SURGERY FOR PRIMARY HYPERPARATHYROIDISM DIAGNOSED AS ACUTE RENAL FAILURE
Abstract
Primary hyperparathyroidism (HPTH) is a common endocrine disorder characterized by multiple organic events secondary to hypercalcemia, including renal insufficiency. We introduce a case of primary HPTH diagnosed after presentation for recent-onset of renal insufficiency. A 60-year old male with no prior medical history was initially diagnosed with renal failure in the context of progressive malaise, nausea, recent onset of moderate blood pressure. Beside low glomerular filtration rate (eGFR of 15 mL/mim/1.73m2), biochemical evaluation showed hypercalcemia of 14.4 mg/dL (normal: 8.8-10.6 mg/dL), ionic calcium of 7.27 mg/dL (normal: 4.4-5.4 mg/dL), hypercalciuria of 343 mg/24h, normal:<300 mg/24h.
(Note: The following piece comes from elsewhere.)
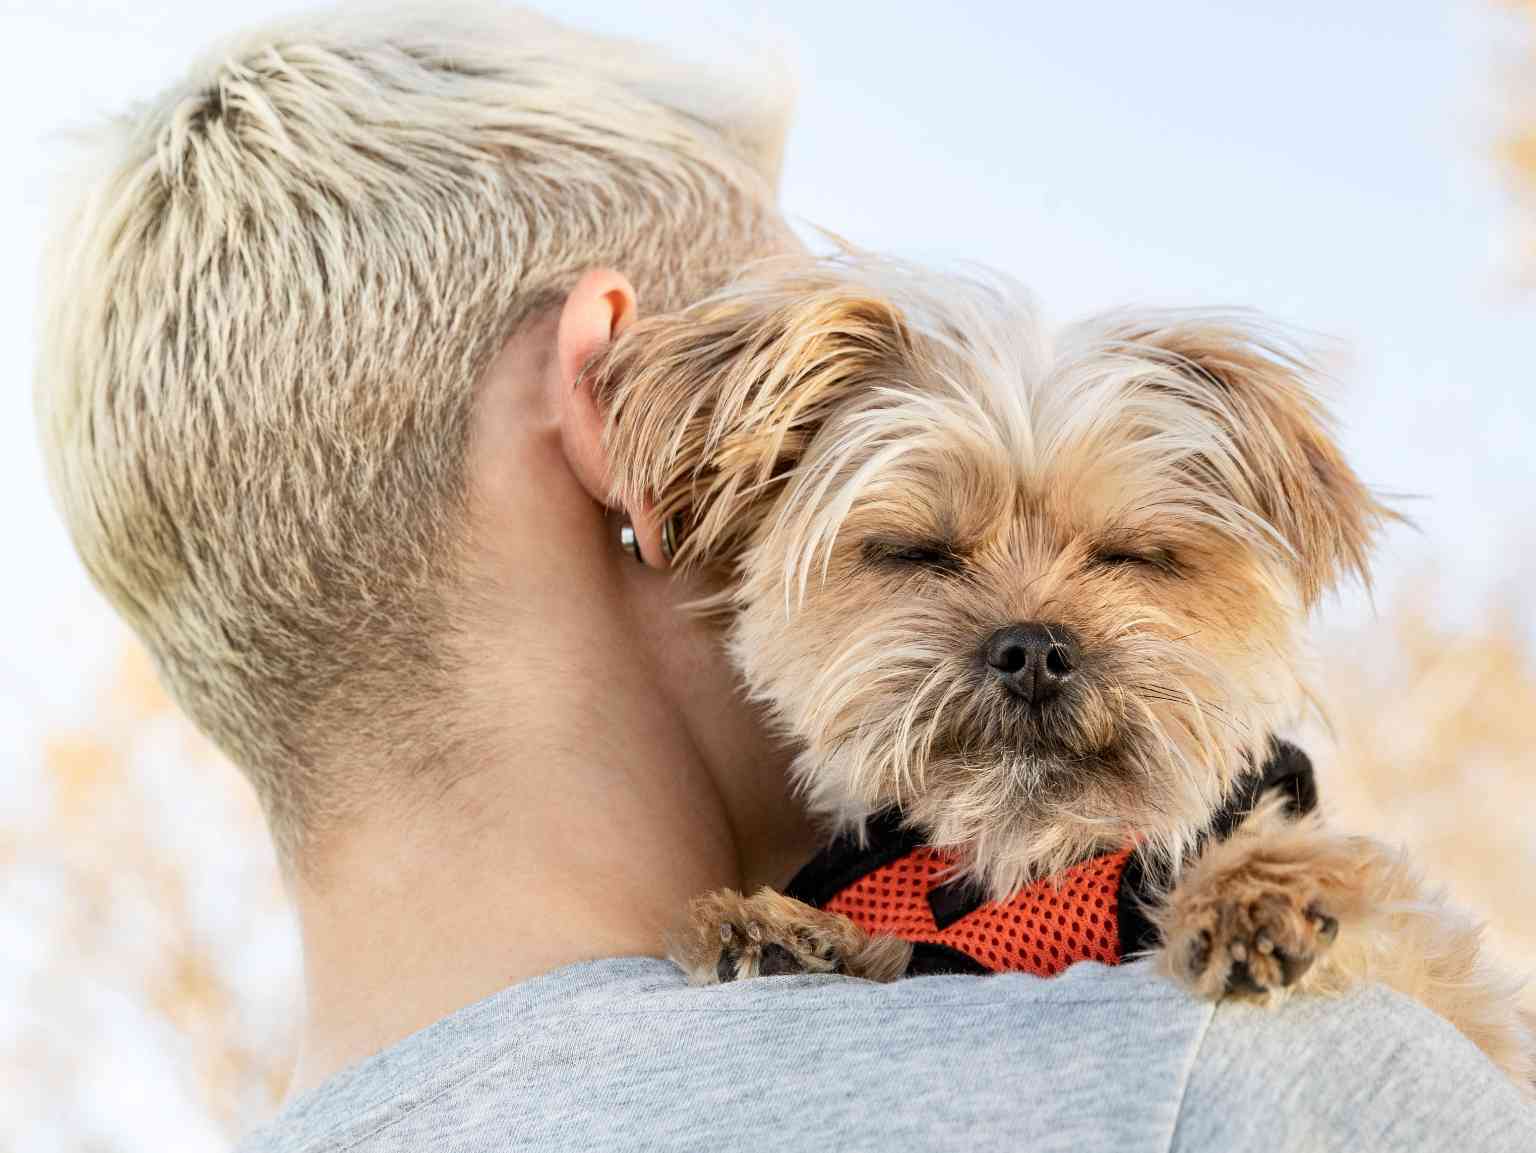 A puppy sleeping on its owner's shoulder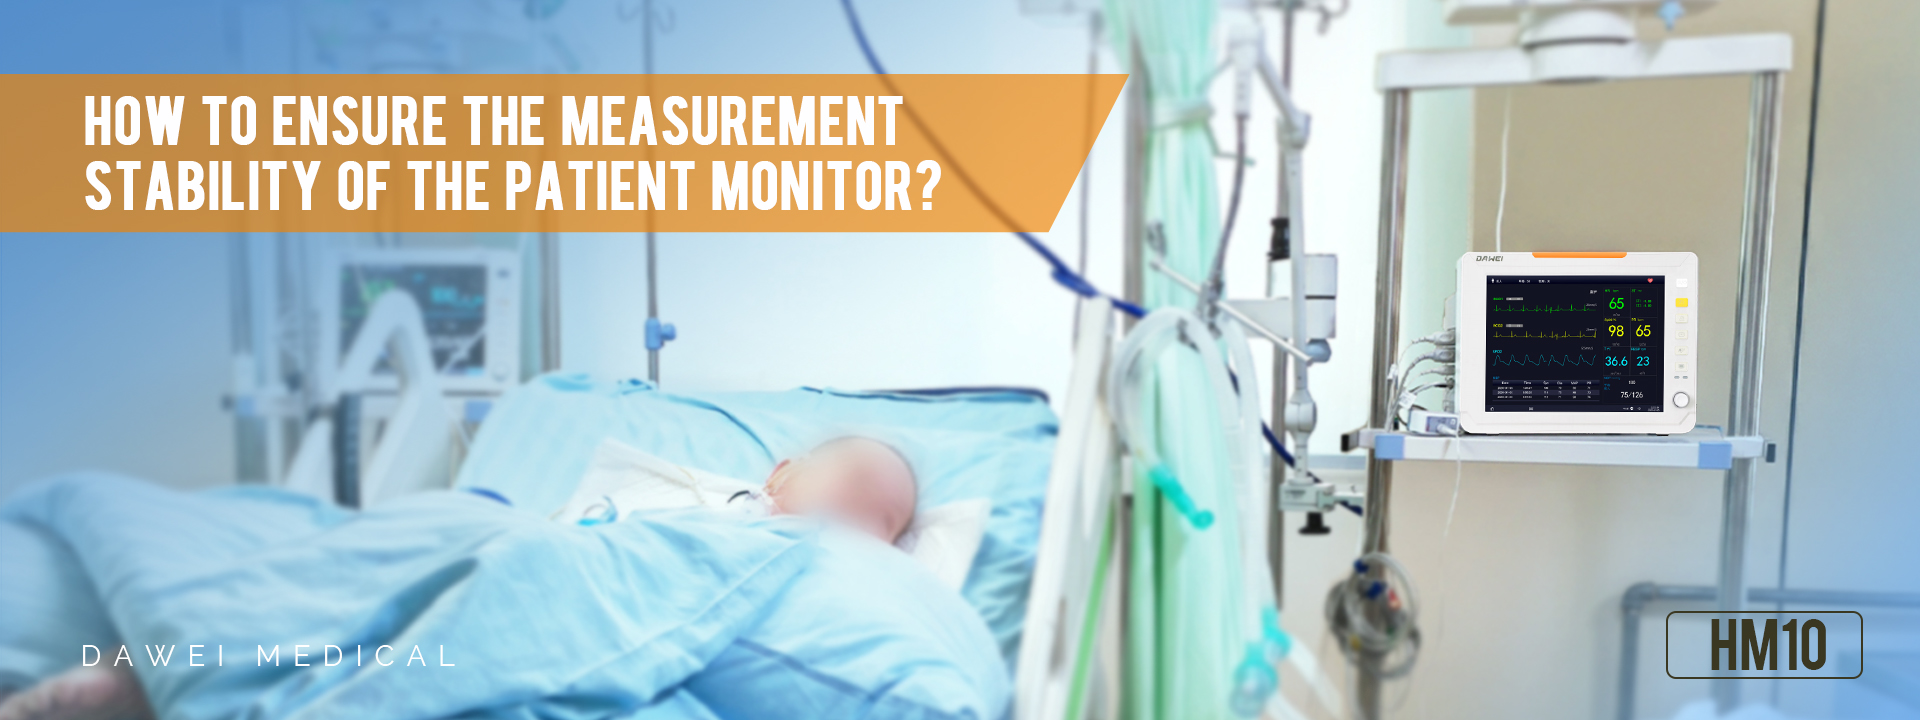 How to ensure the measurement stability of a patient monitor?

Examinations performed for secondary causes of hypercalcemia have revealed increased value of parathyroid hormone (PTH) of 881.2 pg/mL (normal: 12-88 pg/mL). Thyroid ultrasound and cervico-mediastinal computed tomography highlighted an inhomogeneous hypoechoic lesion on the posterior side of the left lobe, with intra-thoracic extension, measuring 3.54/4.94/5.4cm with left parathyroid adenoma significance. The hormonal profile excluded multiple endocrine neoplasia syndrome (MEN). After improvement of biochemical parameters by adequate hydration and diuretic treatment, left parathyroidectomy was performed. One month later, normal PTH, calcium total, ionic calcium, and improvement of renal function have been achieved. Long-term follow-up by a multidisciplinary team was recommended.